Tuesday, September 28, 2010


Dear Friends of B & H Organic Produce,
Happy fall to you all. And what a wonderfully rainy day.
We are very happy for the rain. As you all know this has been an extremely dry summer. It is such a contrast to the moist summers we have had in the past few years. At B & H we are blessed with access to mountain spring water which flows right through our irrigation lines and deep to the roots of the plants. We have been luckier than others this year. And I suppose that has a lot to do with the abundance of crops we have coming in at this time. Now is harvest time and we are blessed with a large selection of beautiful vegetables. This is what we will be bringing to market this week:
  • potatoes
  • tomatoes- still tons!
  • eggplant
  • garlic
  • winter squash
  • carrots
  • mustard greens
  • beets
  • salad mix
  • arugula
  • baby pac choi
  • lettuce
  • peppers
  • radishes
  • spinach
  • chard
  • kale
This weeks recipes:

Arugula salad:
This is a true favorite in my house.
Fresh arugula- we have it small in bags and in bunches as well. Don't be afraid of the bunches. It is still tender and delicious. This is also a better deal.
Topped with slices of Garden Peach Tomatoes- these are the small yellow delicate beauties we bring to market. Almost no acid. A wonderful contrast to bitey arugula.
Goat Cheese- I love the Fromagina from Amazing Acres goat Dairy. This has a soft texture.
Drizzle with olive oil and balsamic vinegar.
Enjoy!

Aji Dulce: These are new peppers we are growing this season and they are in high demand. They are yellow look a likes to the habanero but with no heat. They are used for seasoning only. Get to market early to score these babies. They are perfect for adding to your hot sauces. Here is a base stock recipe given to us by a market customer. This is a Venezuelan recipe to be used for soups, beans, rice and anything you feel creative with.
Puerto Rican Sofrito:
2 green bell peppers
1 red bell pepper
10 aji dulce peppers
3 medium tomatoes chopped
4 onions cut into large chunks
3 medium heads of garlic peeled
25 cilantro leaves with stems
1 tablespoon salt
1 tablespoon black pepper

In a food processor, combine peppers, tomatoes, onions and garlic. Add cilantro, salt and pepper. Process it to the consistency of semi-chunky salsa. Place in a freezer bag, and use as needed, or freeze in portions.

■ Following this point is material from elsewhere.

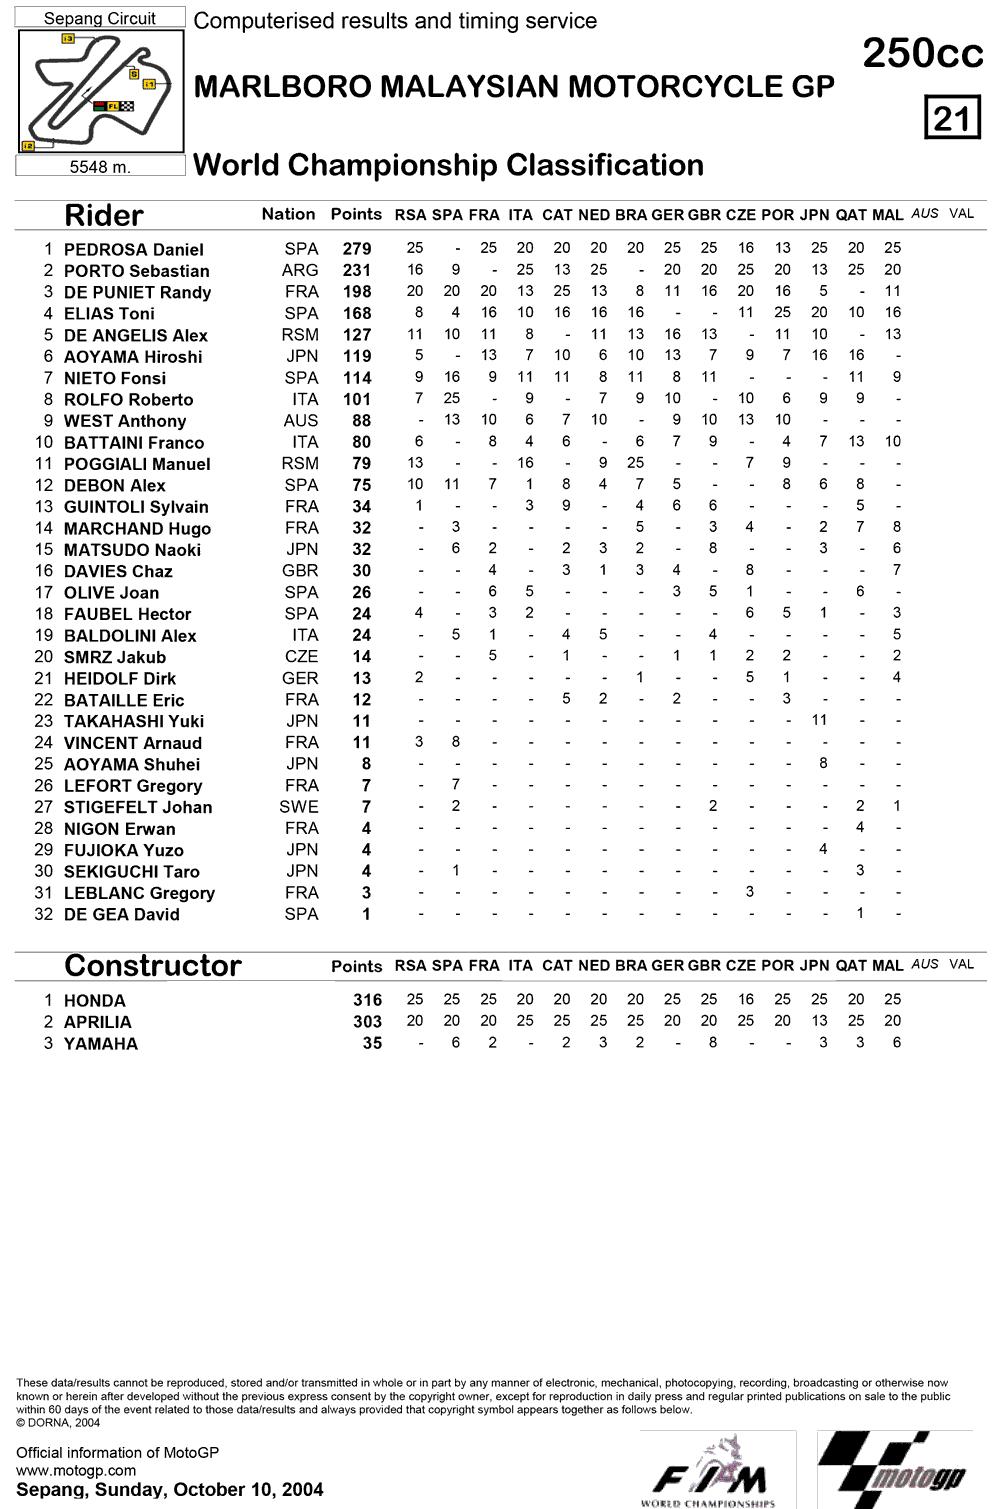 Позиции в чемпионате после четырнадцатой гонки 250cc Гран-При Малайзии 2004

Weekly deliveries to West Reading will be delivered on Thursday evening after 4:30 pm. Please have your orders in by Wednesday evening.
  • tomatoes- mixed quarts of red or heirloom $3.50
  • mustard greens $2.00
  • salad mix $4.50
  • Arugula bunches $2.00
  • baby pac choi $2.50
  • lettuce- butterhead or romaine $2
  • swiss chard $2.50
  • kale curly or dino $2.50
  • red beets $3.00
Thank you all so much and have a wonderful week.
Erica

Monday, September 20, 2010

Dear Friends of B & H Organic Produce,
Welcome fall. What a wonderful time of year. Everything seems so nostalgic in fall. Finally the fieldwork seems manageable. This is the best time of year for working outside. I am relishing this weather because it won't last long. I will try not to make this such a long email. I just always seem to have so much to share.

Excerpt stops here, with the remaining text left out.